Дед Никифор стоял там же, где стоял. У забора. Увидев на моем плече увесистую сумку, деловито спросил:
- Будешь ловить?
- Кого?
- Сбежавшего из могилы Федьку Висячина?
- Дед, кто в поселке пускает жильцов?
- Да хоть я. А зачем не пускать, когда вот изба пустует. Живи.
- Она чья?
- Ничья. Хозяйка померла, наследников нет. Да и кому такая хибара нужна…

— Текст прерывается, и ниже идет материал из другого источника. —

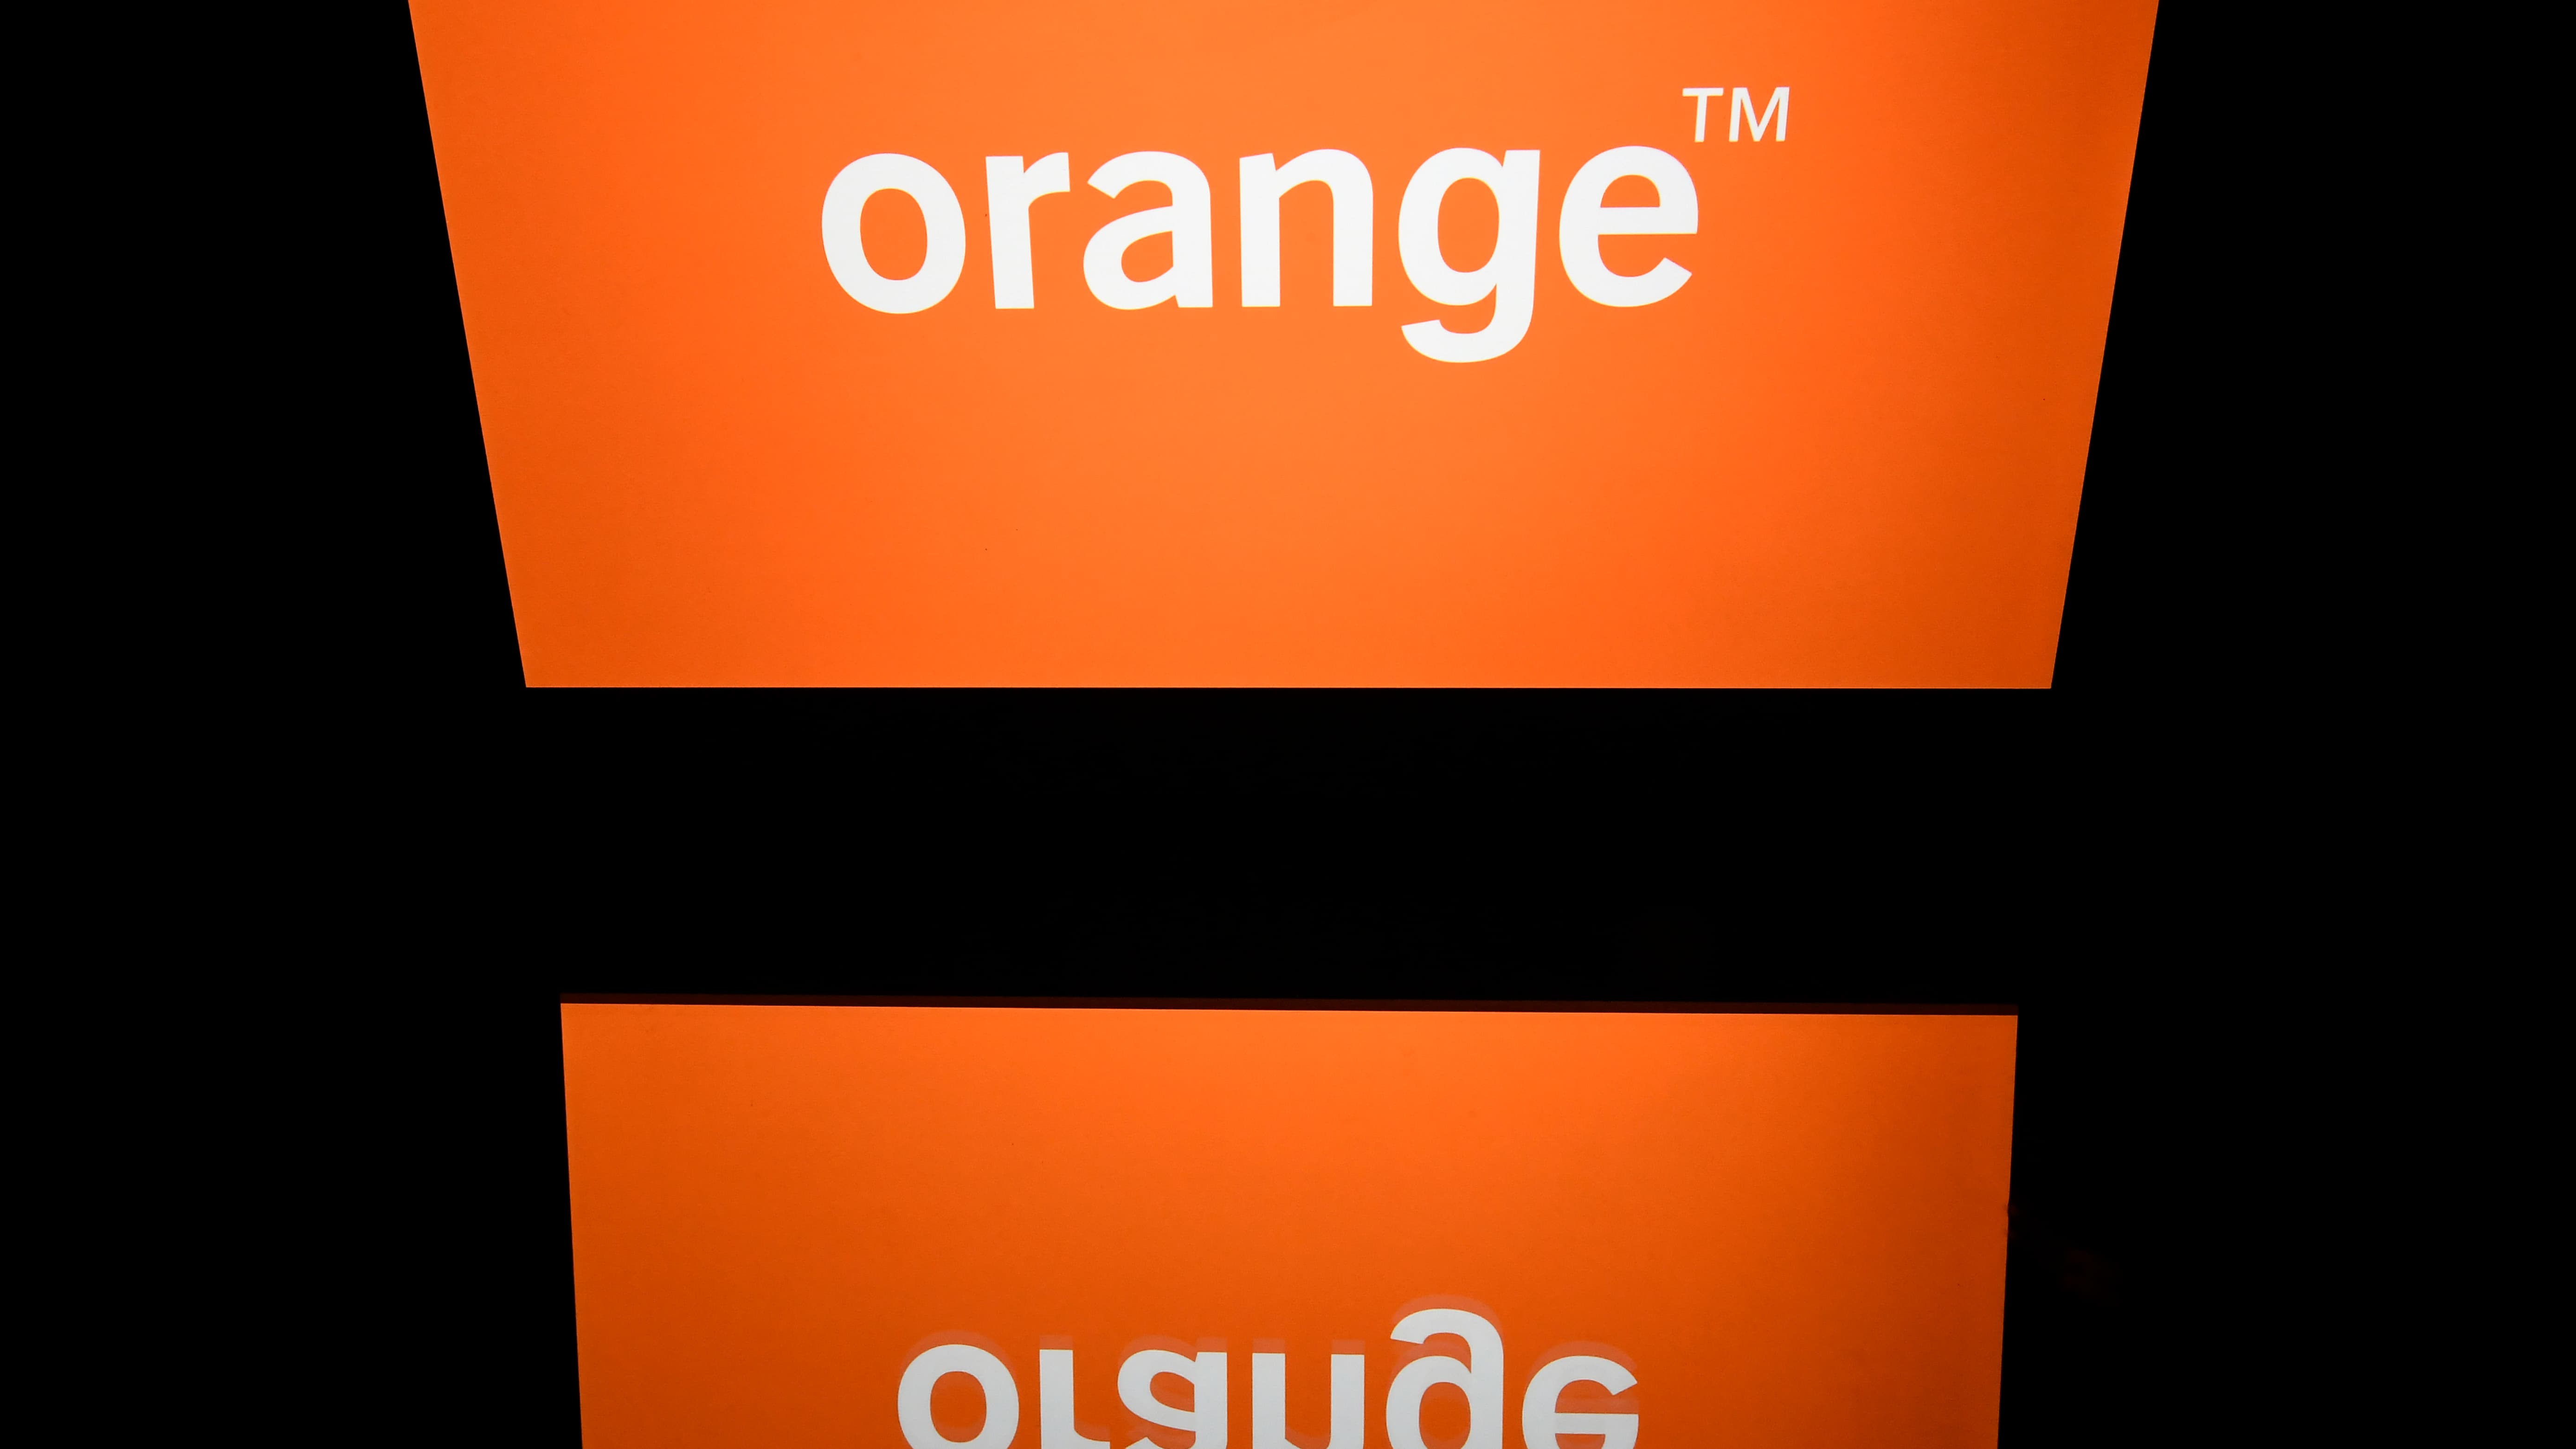 Déploiement de la fibre optique - Orange menacé de poursuites
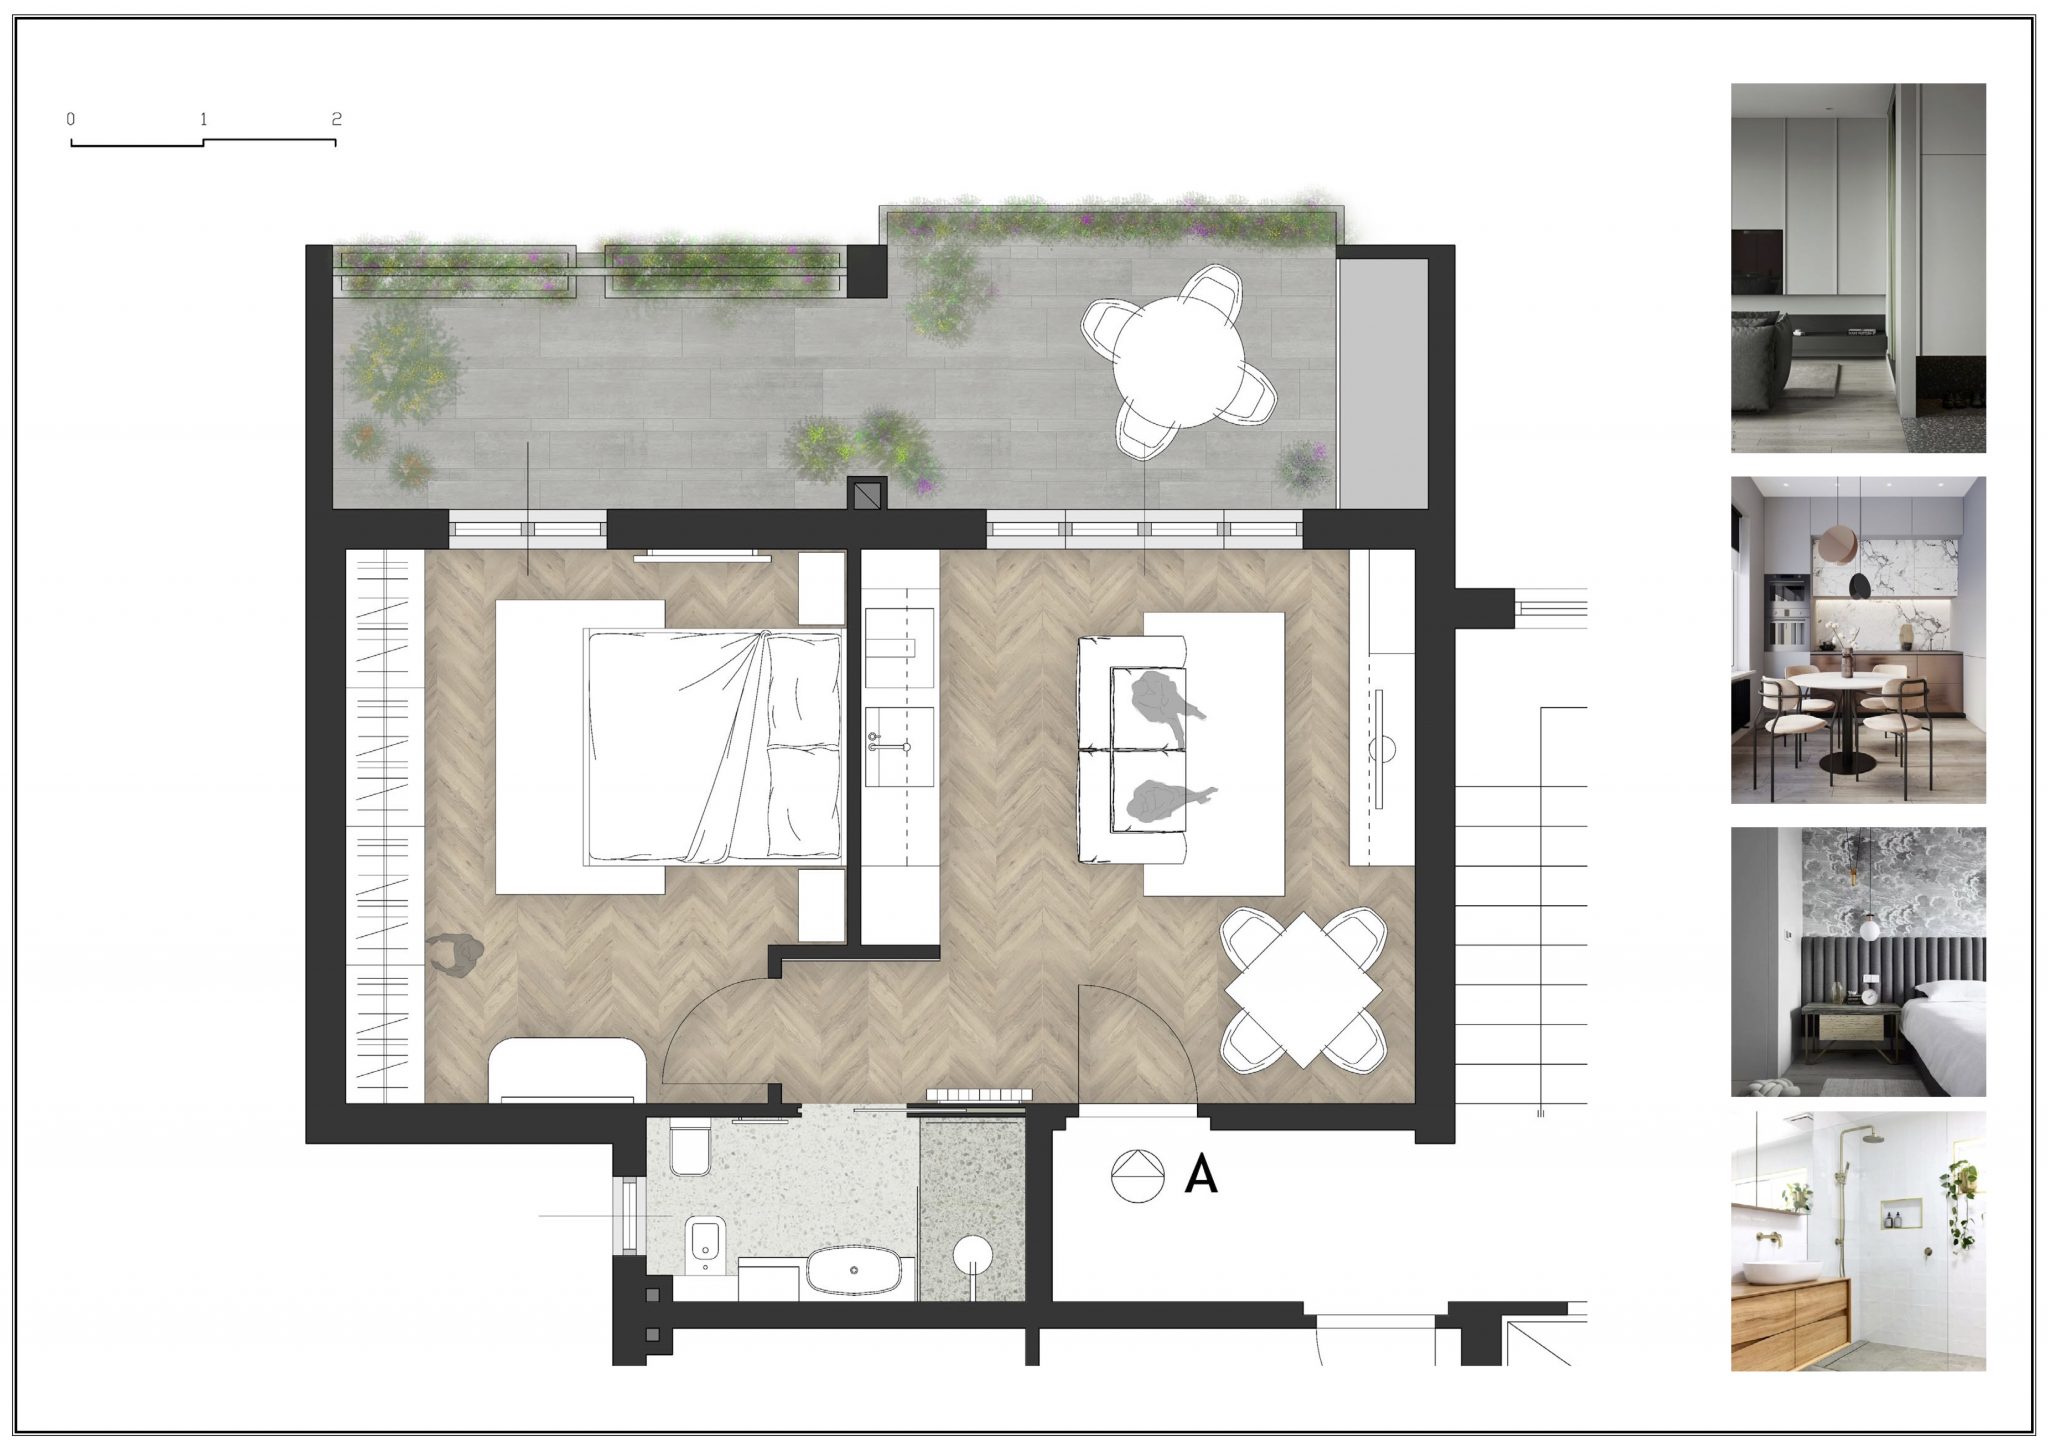 Grundriss und Darstellung einer 59 qm Wohnung mit Terrasse, die über den gesamten Wohnbereich zugänglich ist. Großzügig geschnittenes Schlafzimmer, welches man über den Wohn-Essbereich begeht. Im Wohn-Essbereich befindet sich eine offene Küchenzeile.

И верно. Бревенчатый домик почернел и походил на сарай с окнами, правда, забитыми досками. Лишь крыльцо, видимо, пристроенное недавно, выглядело молодцевато.
- Дед, а в нем жить-то можно?
- Свет и плита есть. А не понравится, ко мне переберешься.
Я поднялся глянуть. Железная кровать, стол да плита. Жить можно. Мне на недельку - согласно командировочного удостоверения.
Отодрав с окон доски, я принялся за кое-какую уборку. Дед помогал: выбрасывал пустые консервные банки, которых было в избе, что шишек в еловом лесу. Мокрой тряпкой протер стол, шваброй помазал пол. И распахнул окна.
- Это ни к чему, - заметил дед.
- Ограбят?
- Кровососы спать не дадут.
- Летучие мыши?
- Комары.
Я распаковал сумку. Кипятильник, растворимый кофе, сахар, булка и колбаса. Принес воды из колодца с участка деда Никифора. В литровой банке вскипятил, достал из тумбочки две чашки, ополоснул кипятком и пригласил деда к столу.
- Непорядок, - вздохнул он.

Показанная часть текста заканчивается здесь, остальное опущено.